In our experiments we extract data to two different formats. The first one is to TIFF-based format and the other is to NIfTI format. We show how to export data in the below sections accordingly. 

### 1.1. Extraction to TIFF-based files

We train our diffusion model, pixel-level classifiers and the retraining of the noise predictor network on multi-page TIFF files, where each page corresponds to a different modality. Extraction can be done by simply calling the `export_stack()` function from the `BRATS` class.

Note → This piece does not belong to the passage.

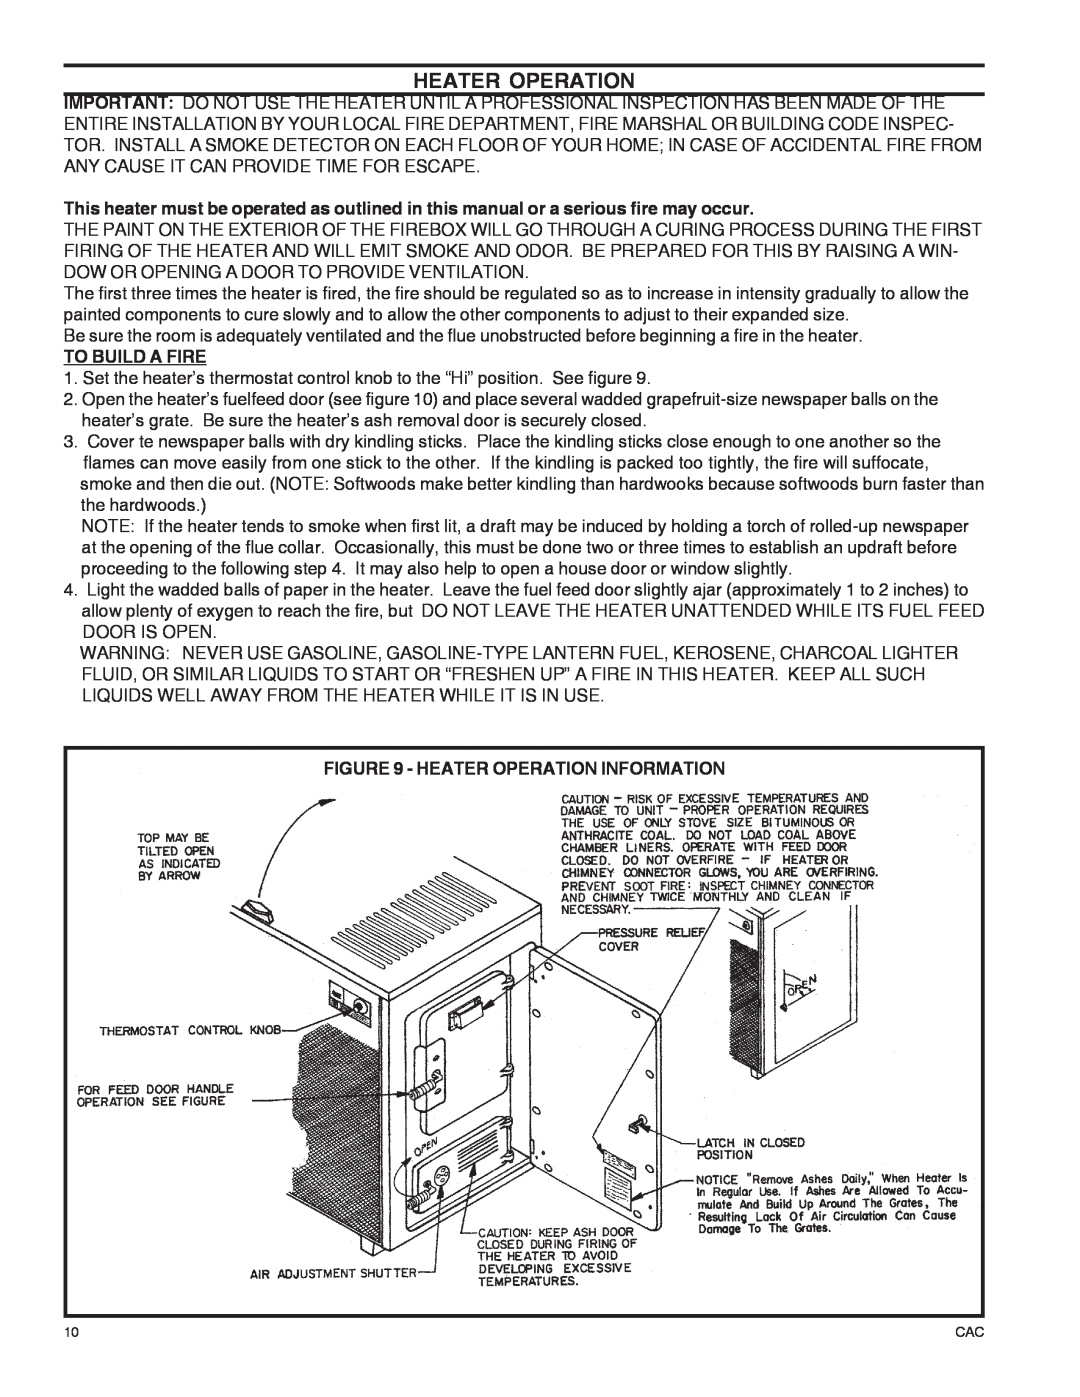 United States Stove DR6 warranty To Build A Fire, Heater Operation Information

By setting `slices` parameter we can choose a list of slices to export, when not specified it defaults to the one we use in our experiments.

In [None]:
# Extract a 2D dataset out of original 3D volumes
output_directory = r"REPLACE WITH PATH POINTING TO OUTPUT DIRECTORY"
path = r"REPLACE WITH PATH POINTING TO BRATS TRAINING DATA"

# Extract 2D data from the original 3D dataset
brats_dataset = BRATS(path=path)
brats_dataset.export_stack(output_path=output_directory, slices=None)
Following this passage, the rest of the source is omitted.